The space Ω = {0, 1}∞ is the set of all infinite binary sequences. We think of an element ω ∈ Ω as the outcome of infinitely many coin flips.
For any finite binary string x, the cylinder set (or interval) Ωx is the set of all infinite sequences that begin with x. For example, Ω01 is the set of all sequences starting with 01.
The uniform Bernoulli measure assigns μ(Ωx) = 2−|x|. Each bit is an independent fair coin flip. The interval Ω01 has measure 1/4 because the probability of starting with 01 is (1/2)(1/2) = 1/4.
A set A ⊆ Ω has measure zero (is a null set) if for every ε > 0, A can be covered by countably many intervals whose total measure is at most ε. The Strong Law of Large Numbers says: the set of sequences where the frequency of ones does not converge to p is a null set under Bernoulli(p).
Let's state the SLLN precisely. Fix p = 1/2 (fair coin). Define A1/2 as the set of all ω ∈ Ω where the frequency of ones converges to 1/2:
The SLLN says μ(A1/2) = 1. Equivalently, the complement — sequences where frequencies don't converge to 1/2 — is a null set.
The Shannon entropy H(u, v) = −u log u − v log v appears naturally here. It reaches its maximum of 1 at u = v = 1/2 (fair coin). For any ε > 0, H(1/2+ε, 1/2−ε) < 1, so the "bad" strings (wrong frequency) form an exponentially shrinking fraction.

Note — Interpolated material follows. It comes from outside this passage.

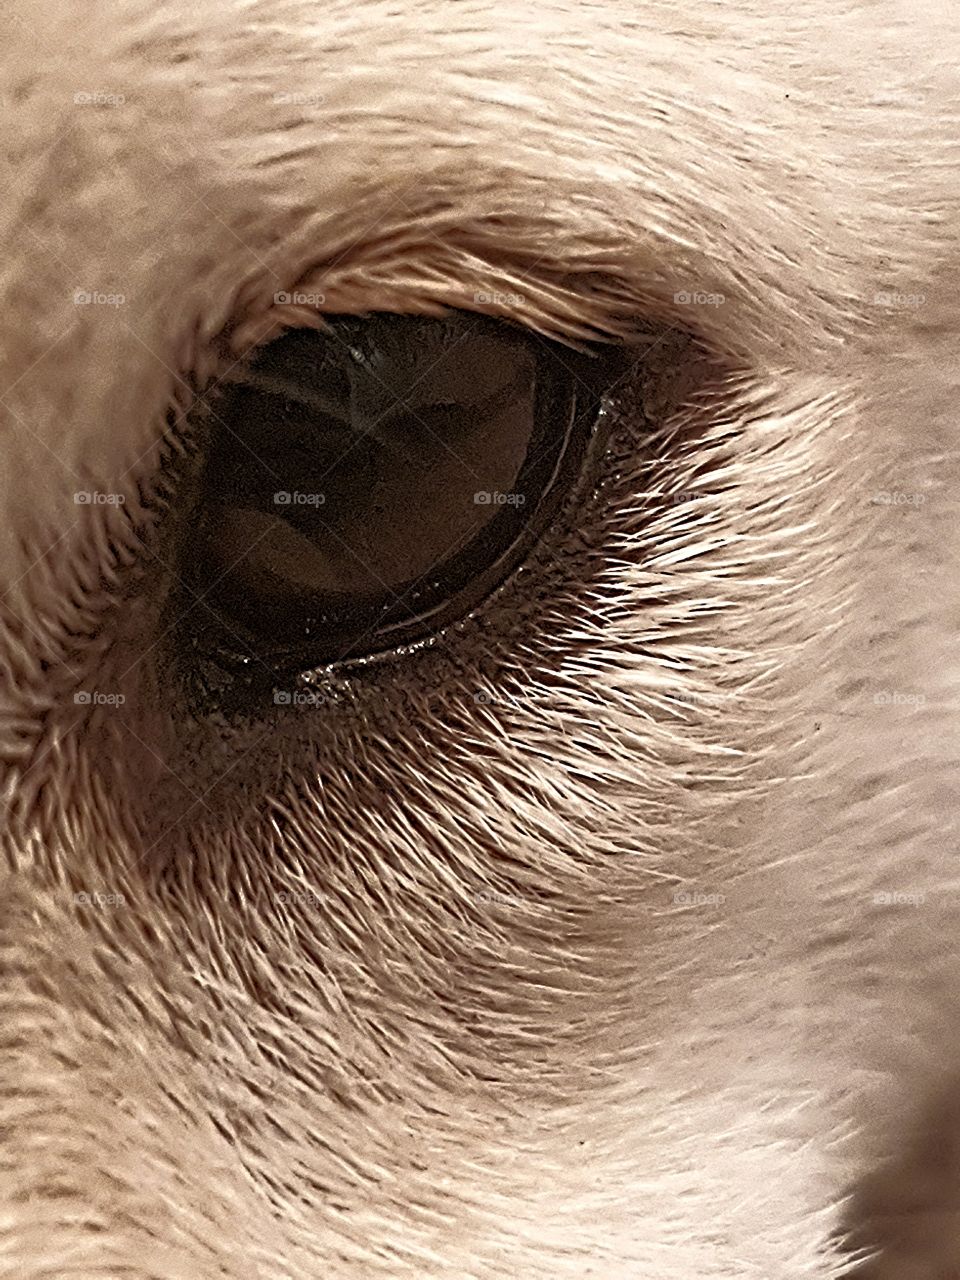 Dogs eye

People often say "every random sequence has frequency 1/2." But this is idiomatic — it means "the set of exceptions has measure zero." The question is: can we make this literal? Can we define individual random sequences so that every random sequence truly has frequency 1/2? Yes — that's Martin-Löf's contribution.
We'd like to define: "ω is random iff ω does not belong to any null set (other than the trivial ones)." But this doesn't work. Here's why.
Every individual sequence ω is a member of the singleton set {ω}, which has measure zero. So every sequence belongs to some null set. The union of all these singletons is all of Ω — the non-null set.
The resolution: restrict to effectively null sets — null sets whose covering can be computed. This restriction is not arbitrary; it reflects the fact that we can only test for non-randomness using computable procedures. A test that requires non-computable resources to construct doesn't count as a "real" pattern.
A set A ⊆ Ω is effectively null if there is a computable function χ(ε, i) that, for any rational ε > 0, produces a sequence of intervals covering A with total measure at most ε:
The key word is computable. The covering function χ must be algorithmic. You can't just assert a covering exists — you need to produce it.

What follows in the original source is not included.